Search code examples
ranovapoisson

Test for Poisson residuals in the analysis of variance model


I try to find any way for test Poisson residuals like normals in aov(). In my hypothetical example:

# For normal distribution
x <- rep(seq(from=10, to=50, by=0.5),6)
y1 <- rnorm(length(x), mean=10, sd=1.5)

#Normality test in aov residuals
y1.av<-aov(y1 ~ x)
shapiro.test(y1.av$res)
#   Shapiro-Wilk normality test
#
#data:  y1.av$res
#W = 0.99782, p-value = 0.7885

Sounds silly, OK!!

Now, I'll like to make a same approche but for Poisson distribution:

# For Poisson distribution
x <- rep(seq(from=10, to=50, by=0.5),6)
y2 <- rpois(x, lambda=10)

#Normality test in aov residuals
y2.av<-aov(y2 ~ x)
poisson.test(y2.av$res)
Error in poisson.test(y2.av$res) : 
  'x' must be finite, nonnegative, and integer

There is any stat approach for make this?

Thanks!


Solution

  • You could analyse your data below a counting context. Discrete data, such as variables of Poisson nature, can be analysed based on observed frequencies. You can formulate hypothesis testing for this task. Being your data y you can contrast the null hypothesis that y follows a Poisson distribution with some parameter lambda against the alternative hypothesis that y does not come from the Poisson distribution.
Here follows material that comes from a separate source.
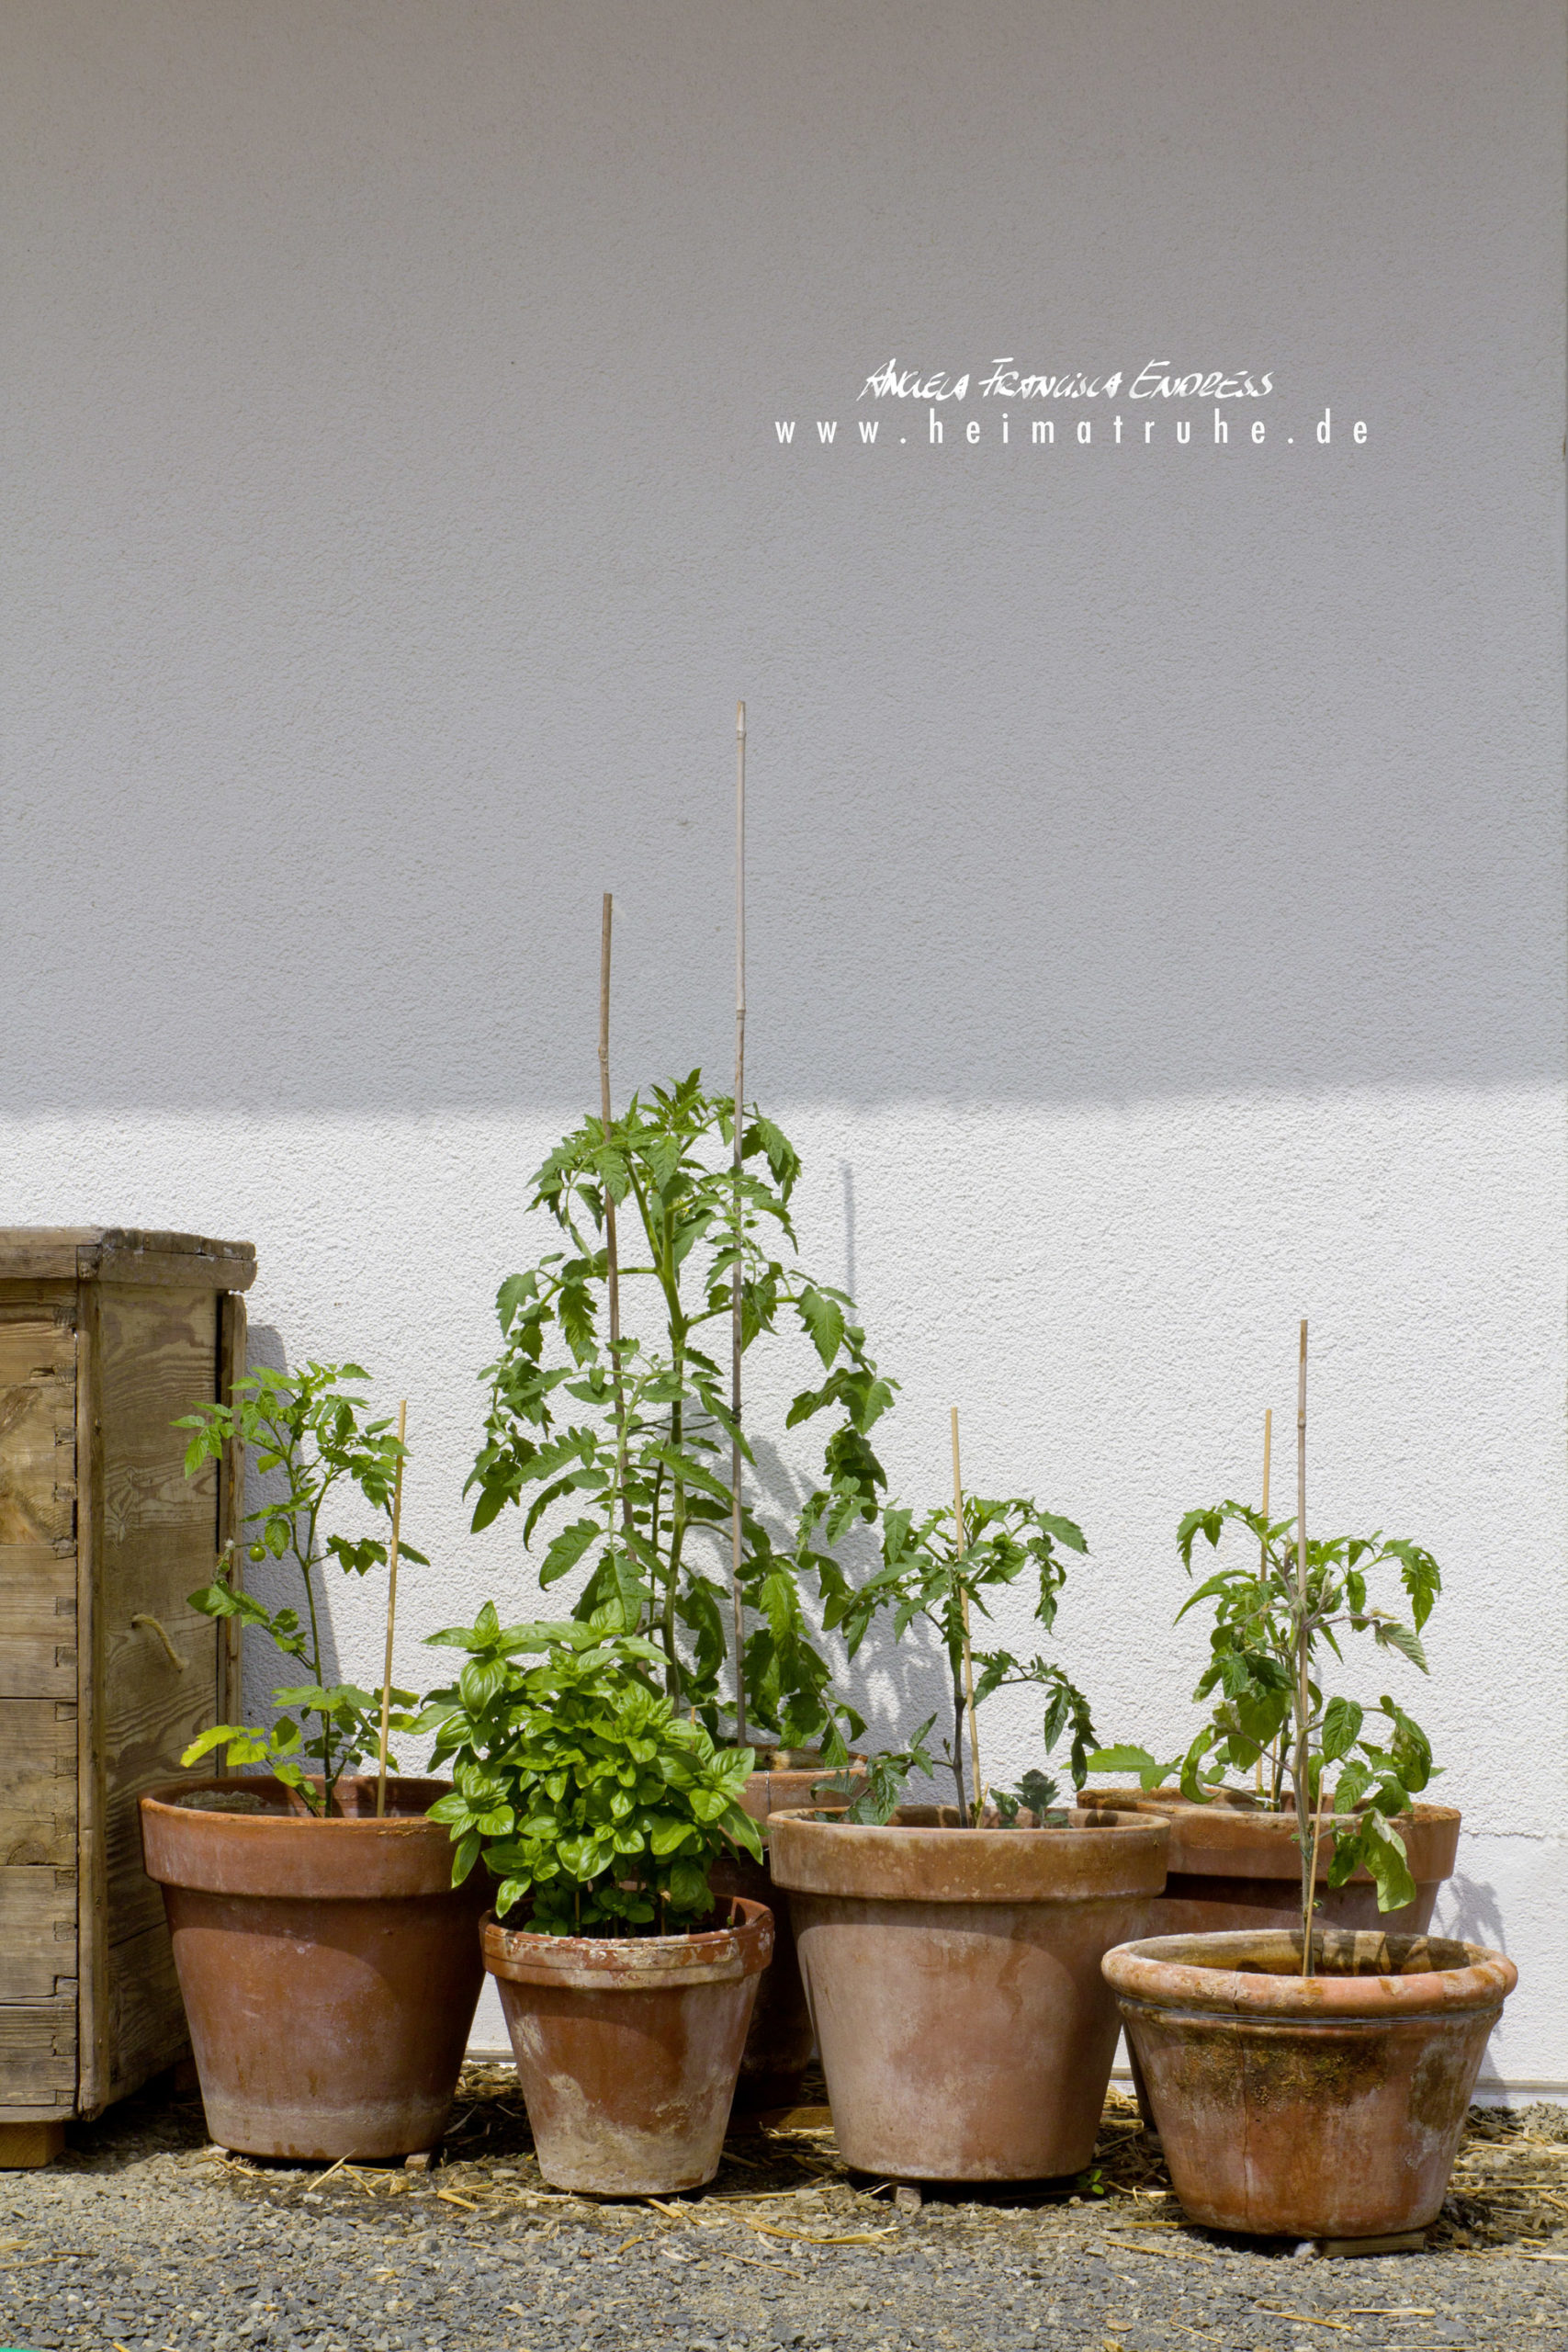 Tomatenpflanzen in Töpfen vor Zauswand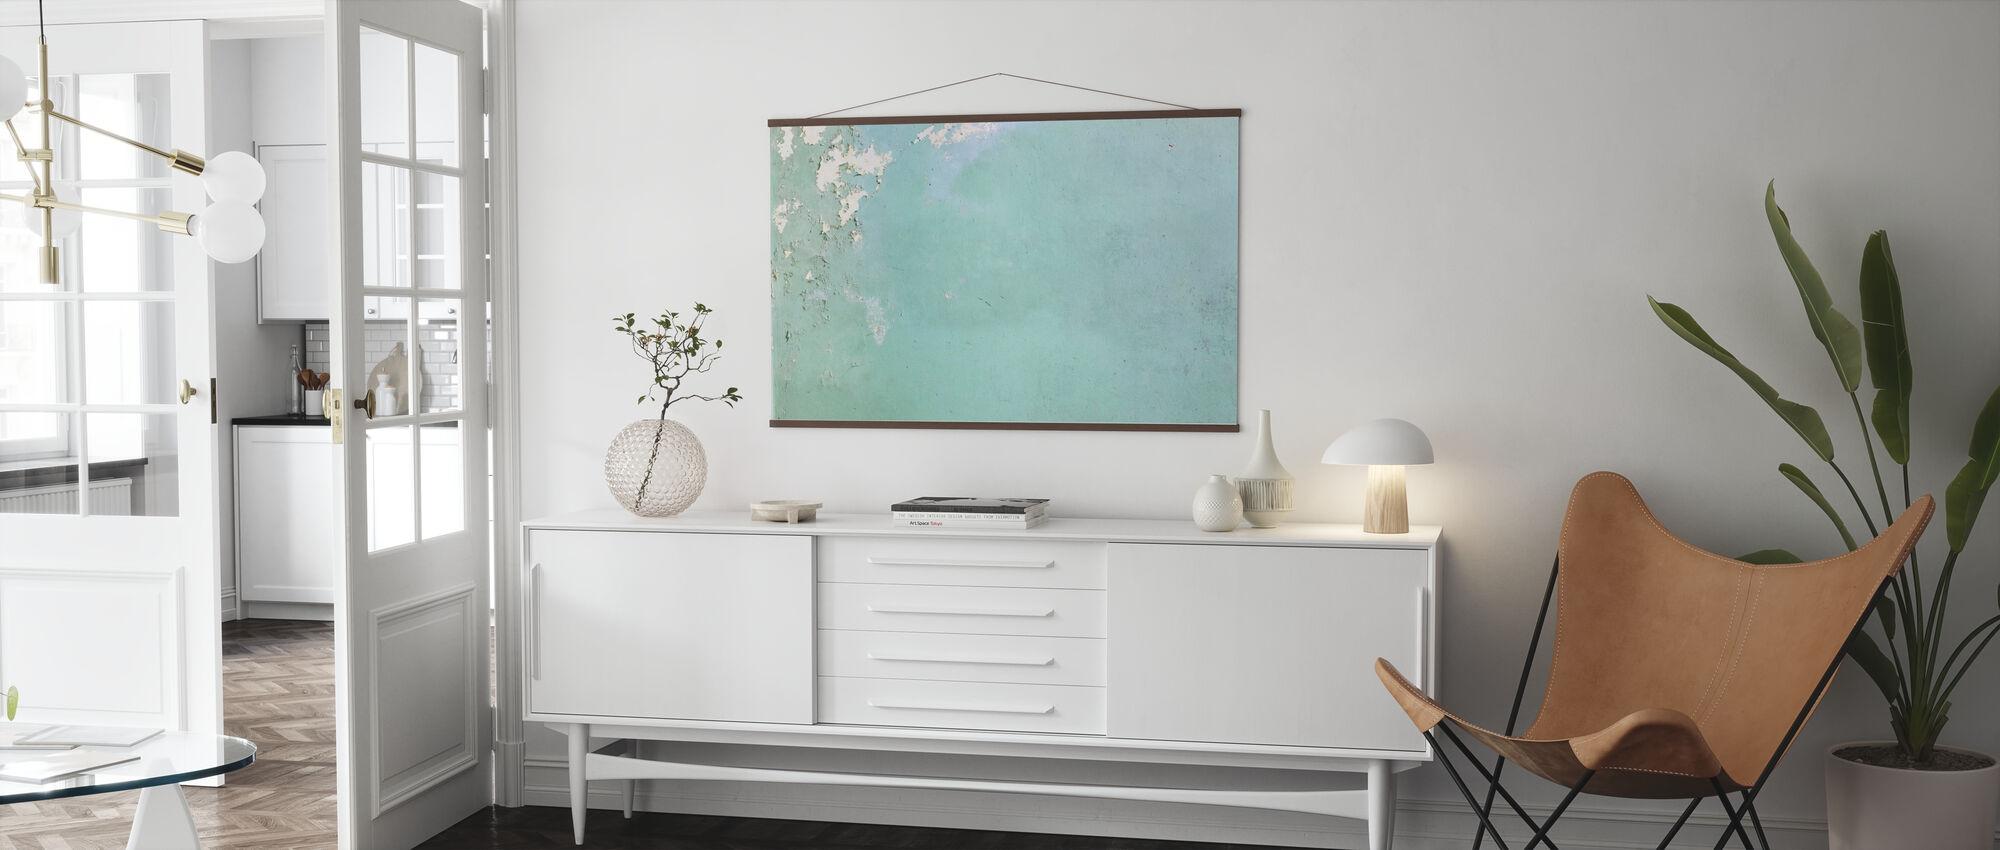 Light Blue Wallpaper - Poster - Living Room

Let's sketch the test with you data:

    #Data
    set.seed(123)
    # For Poisson distribution
    x <- rep(seq(from=10, to=50, by=0.5),6)
    y2 <- rpois(x, lambda=10)
    

    Now we obtain the counts, which are elemental for the test:

    #Values
    df <- as.data.frame(table(y2),stringsAsFactors = F)
    df$y2 <- as.integer(df$y2)
    

    After that we must separate the observed values O and its groups or categories classes. Both elements constitute the y variable:

    #Observed values
    O <- df$Freq
    #Groups
    classes <- df$y2
    

    As we are testing a Poisson distribution, we must compute the lambda parameter. This can be obtained with Maximum Likelihood Estimation (MLE). The MLE for Poisson is the mean (considering we have counts and groups in order to determine this value), so we compute it with next code:

    #MLE
    meanval <- sum(O*classes)/sum(O)
    

    Now, we have to get the probabilities of each class:

    #Probs
    prob <- dpois(classes,meanval)
    

    Poisson distribution can go to infinite values, so we must compute the probability for the values that can be greater than our last group in order to have probabilities that sum to one:

    prhs <- 1-sum(prob)
    

    This probability can be easily added to the last value of our group in order to transform to account for values greater or equal to it (For example, instead of only having the probability that y equals to 20 we can have the probability that y is greater or equal to 20):

    #Add probability
    prob[length(prob)]<-prob[length(prob)]+prhs 
    

    With this we can conduct a goodness of fit test using chisq.test() function in R. It requires the observed values O and the probabilities prob that we have computed. Just a reminder that this test uses to set wrong degrees of freedom, so we can correct it by the formulation of the test that uses k-q-1 degrees. Where k is the number of groups and q is the number of parameters computed (we have computed one parameter with MLE). Next the test:

    chisq.test(O,p=prob)
    

    The output:

    Chi-squared test for given probabilities
    
    data:  O
    X-squared = 7.6692, df = 17, p-value = 0.9731
    

    The key value from the test is the X-squared value which is the test statistic. We can reuse the value to obtain the real p-value (In our example, we have k=18 and minus 2, the degrees of freedom are 16).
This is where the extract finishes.